The last part of the book focuses on the carnage of Rwanda. Peterson jumps into the fray of whether or not a "Peace Operations force" could have averted the carnage, or at least slowed it down. Peterson sides with Monsieur Prunier, a French scholar who believes that as few as 20 armored vehicles would have made the difference. I think this understates the calculated assault, led by a military sometimes called "the Prussians of Africa." I think it would have taken tens of thousands of soldiers, with helicopters and fixed wing transports, lots of communications gear and fierce political resolve to staunch the flow of blood here.

All in all, a good "raw" book, well worth the read, but by no means a definitive scholarly work on the central African swamp of the last 20 years.

Rating: 5
Summary: A Must Read Regarding Our Future & Our Past
Comment: Peterson has written an excellent report on the atrocities that have taken place under our eyes in Africa. Most Americans know about Somalia from "Black Hawk Down" but Peterson reports from a different perspective and brings new light to an old meaning. He reports on what both the UN and the US did wrong while on a "peace mission." I would have hoped we would have learned our lesson but some aspects Peterson describes ring much too true for our involvement in Iraq as well.

The most horrifying account that Peterson writes so vividly about is the genocide in Rwanda. How does a world ignore such atrocity? I cried often during the reading of this section. I can't imagine how any country could ignore the pleading of such a dying nation in such a beautiful part of the world. To read about a man living in a wall for months to avoid being murdered, a child hiding under her parents while they were hacked to death, and see pictures of streets lined with death is beyond understandable. This is where our billions in defense should have gone!

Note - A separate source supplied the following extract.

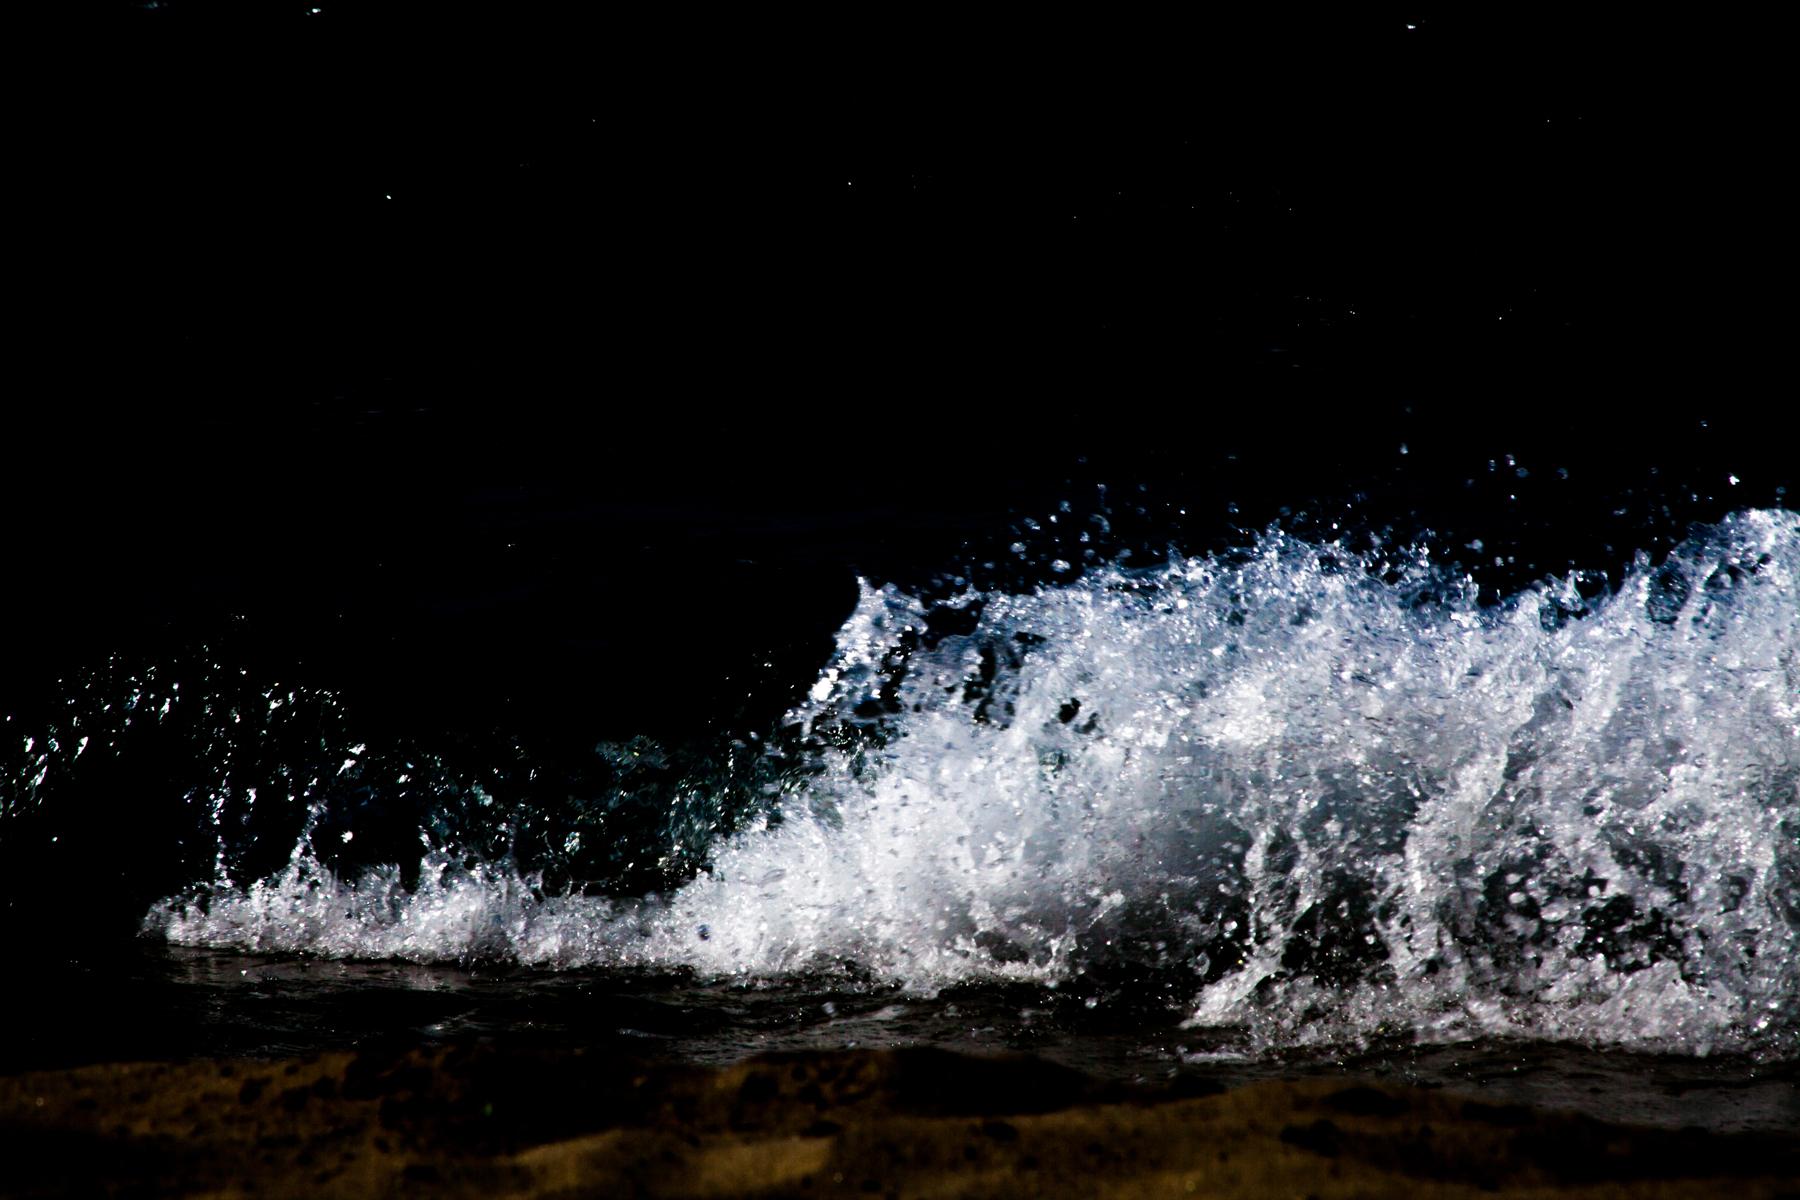 Anastasia_Kioulafa_Waves_Untitled-1.jpg

I believe this book to be a must read for all humanity. From each horrible account something is learned. Africa is a beautiful country on the verge of catastrophe while the rest of the world ignores its pleas. From such anger, bitterness and hate comes furure generations of the same unless the world steps up with bravery and defends a peaceful solution. A billion dollars of understanding would go alot further in this country than the others we chose to toy with. Peterson has brought the injustices to life masterfully. This book NEEDS to be read by anyone who cares about a global existence and our future.